-- What needs to be done --
In the data below, begin at the line with "CFE certification cost" and stop after the line with "Face Control Expansion"; output those lines exactly and no pictures.

:: Entries provided ::

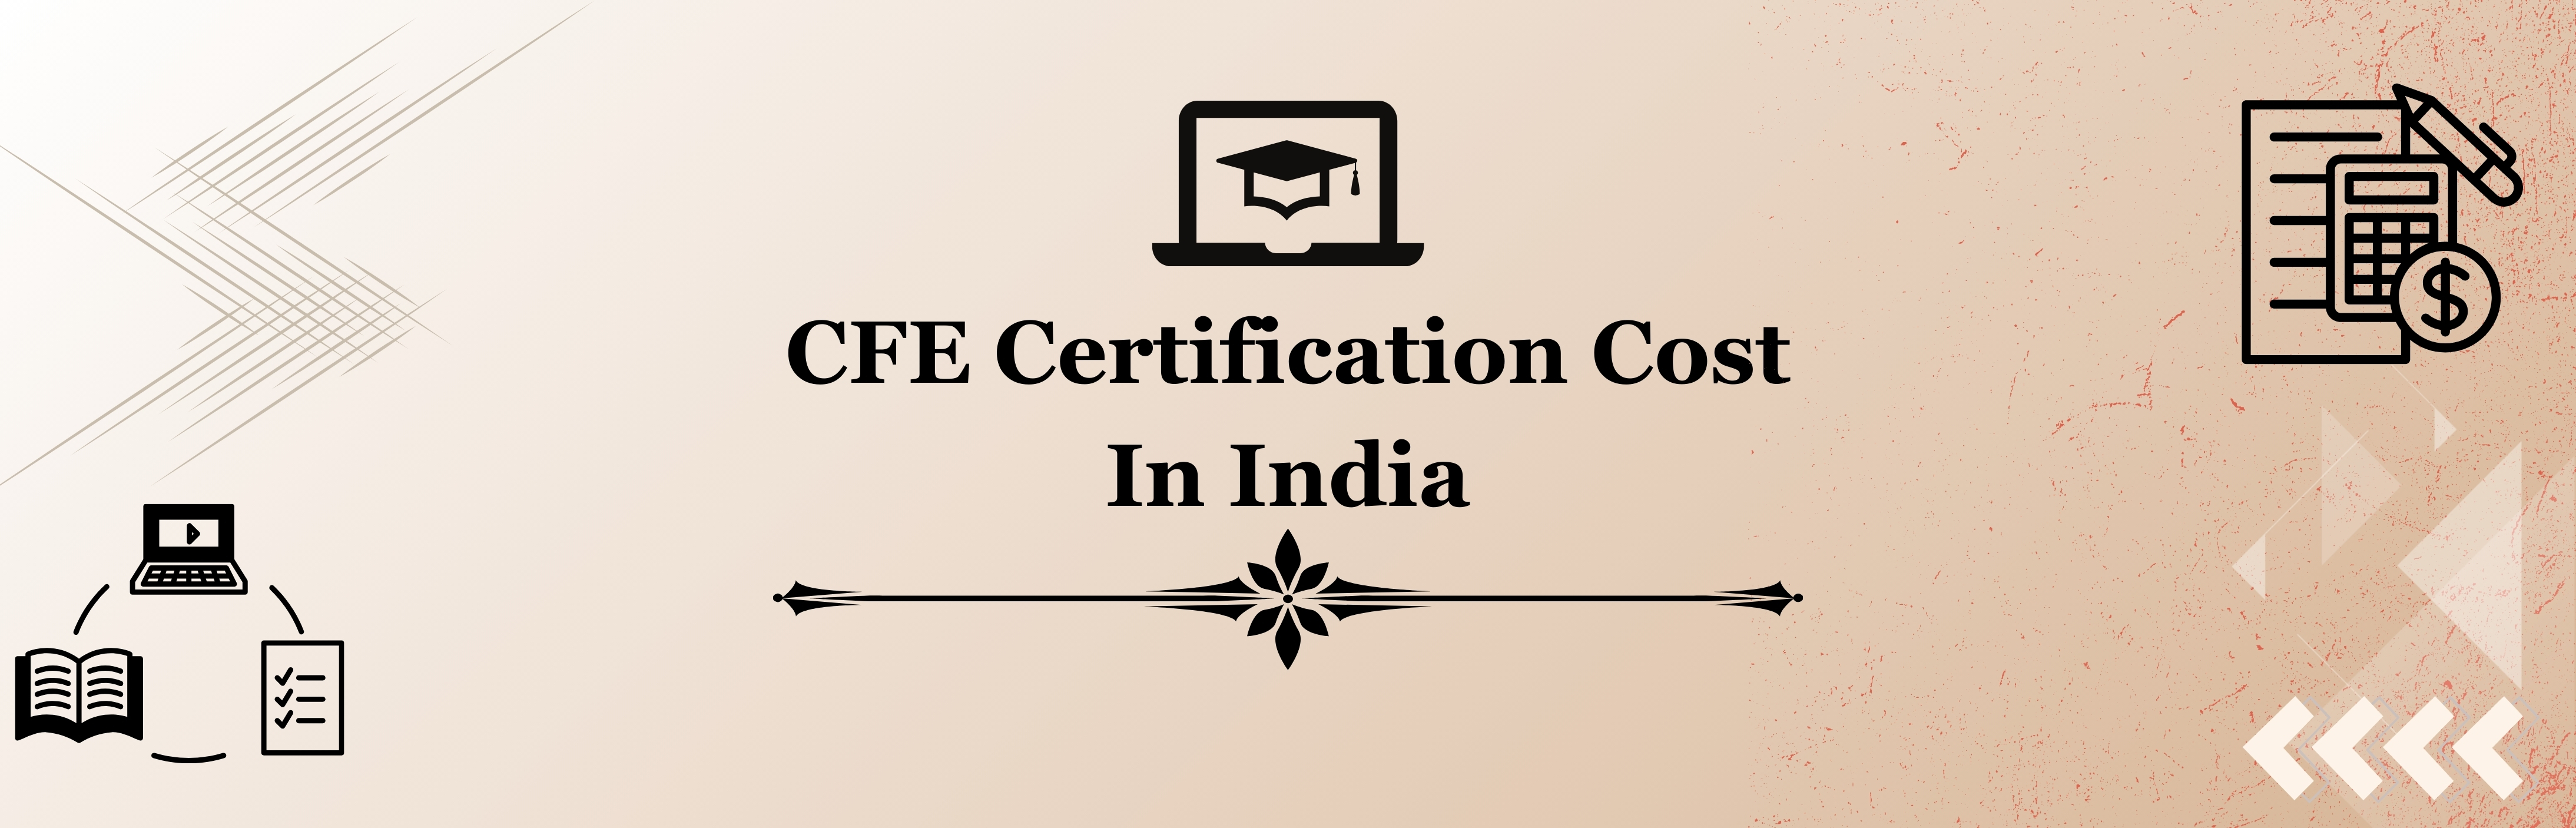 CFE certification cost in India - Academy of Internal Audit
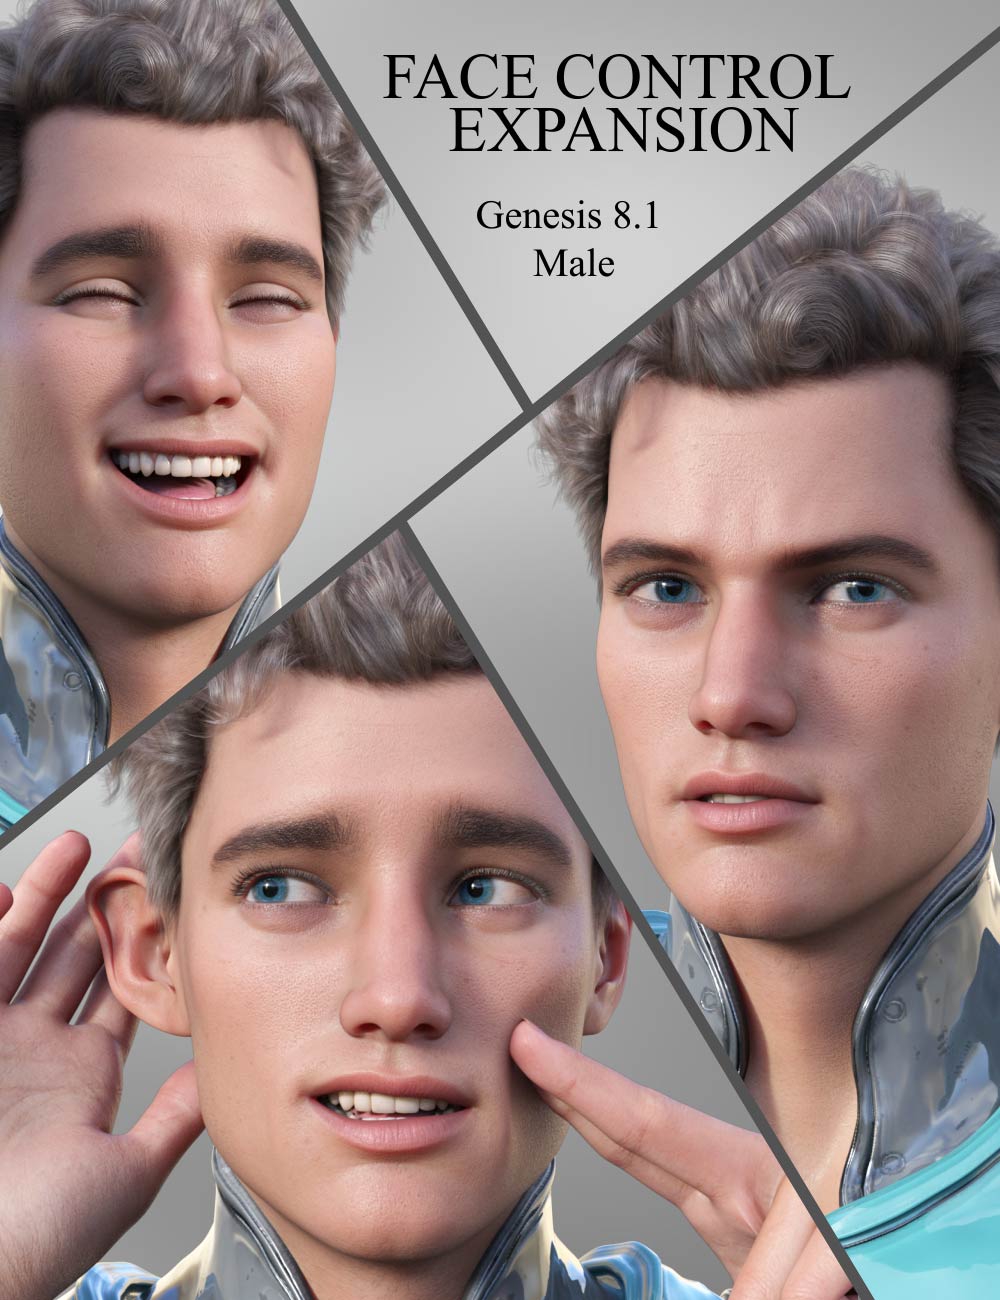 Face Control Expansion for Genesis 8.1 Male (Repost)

:::
:: Entries provided ::

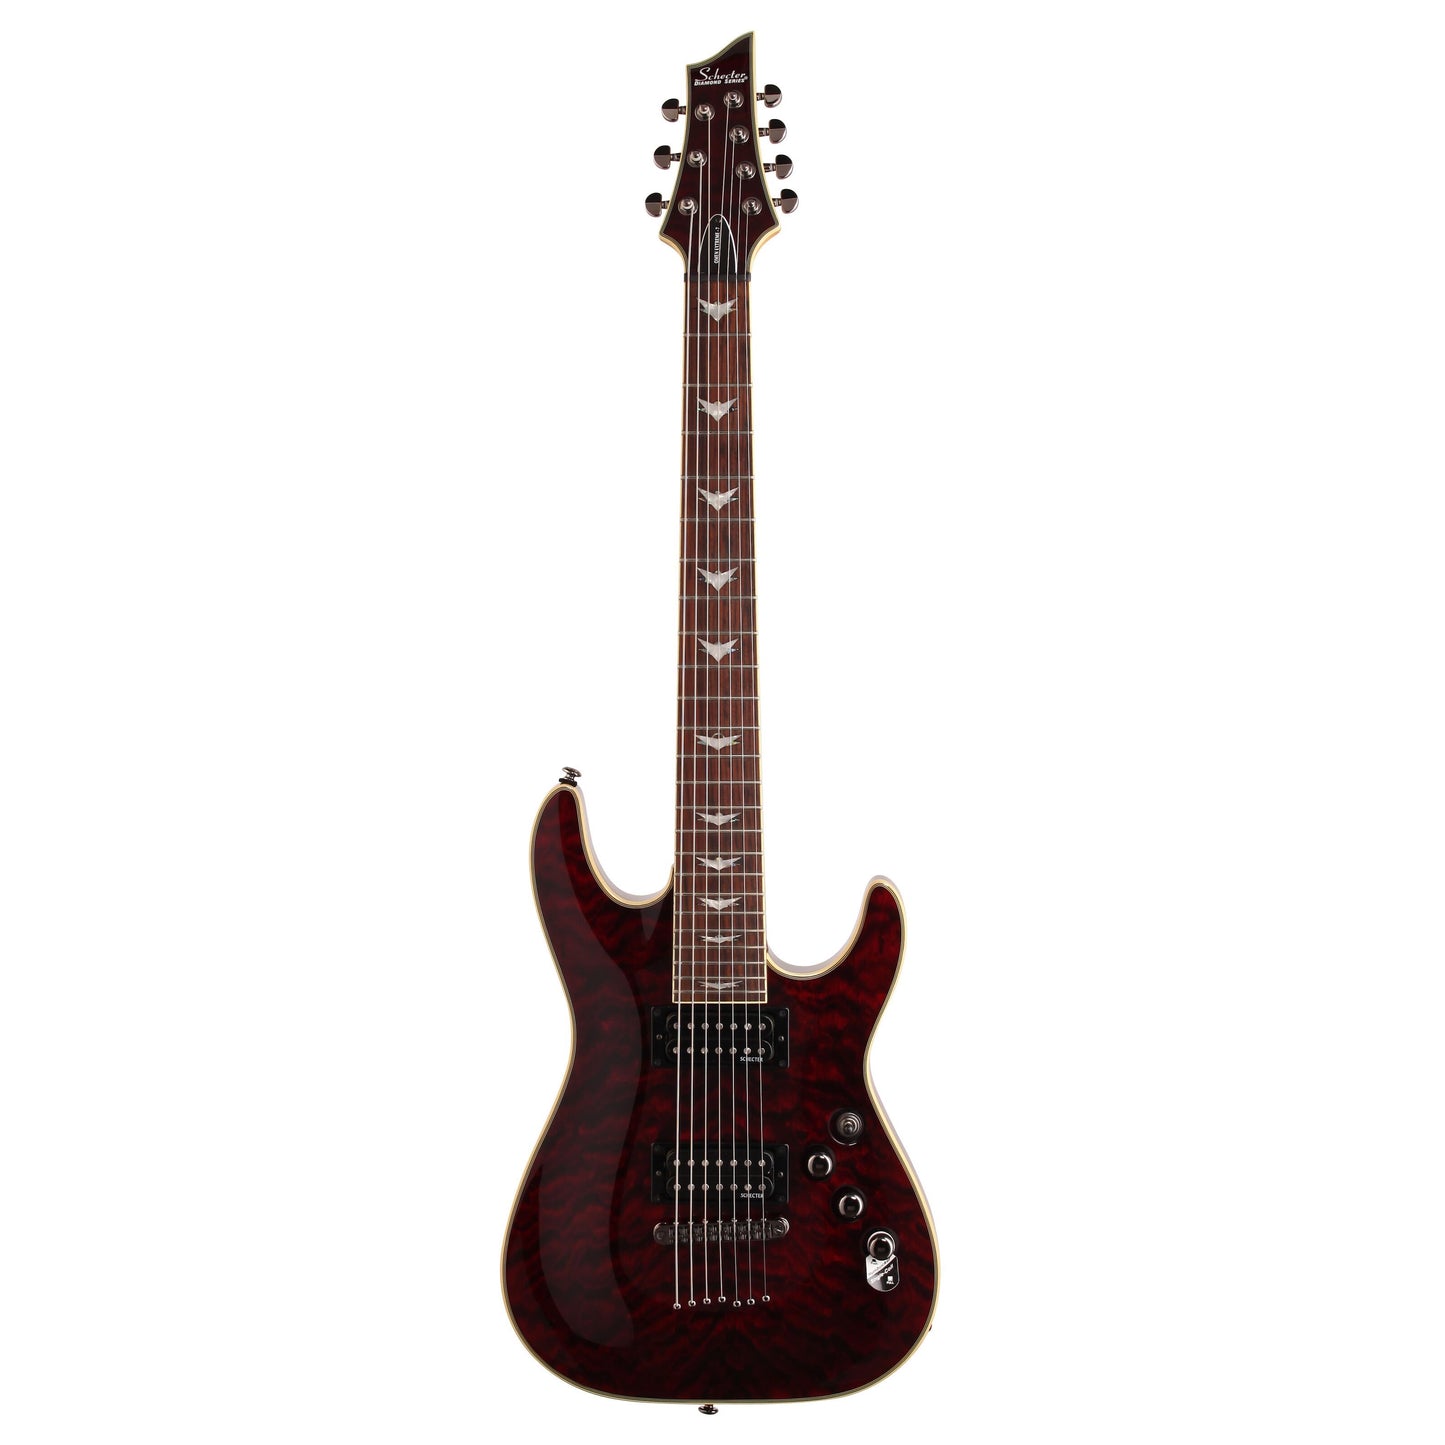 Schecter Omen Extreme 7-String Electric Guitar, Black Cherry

:::

-- Answer space --
 CFE certification cost in India - Academy of Internal Audit
 Face Control Expansion for Genesis 8.1 Male (Repost)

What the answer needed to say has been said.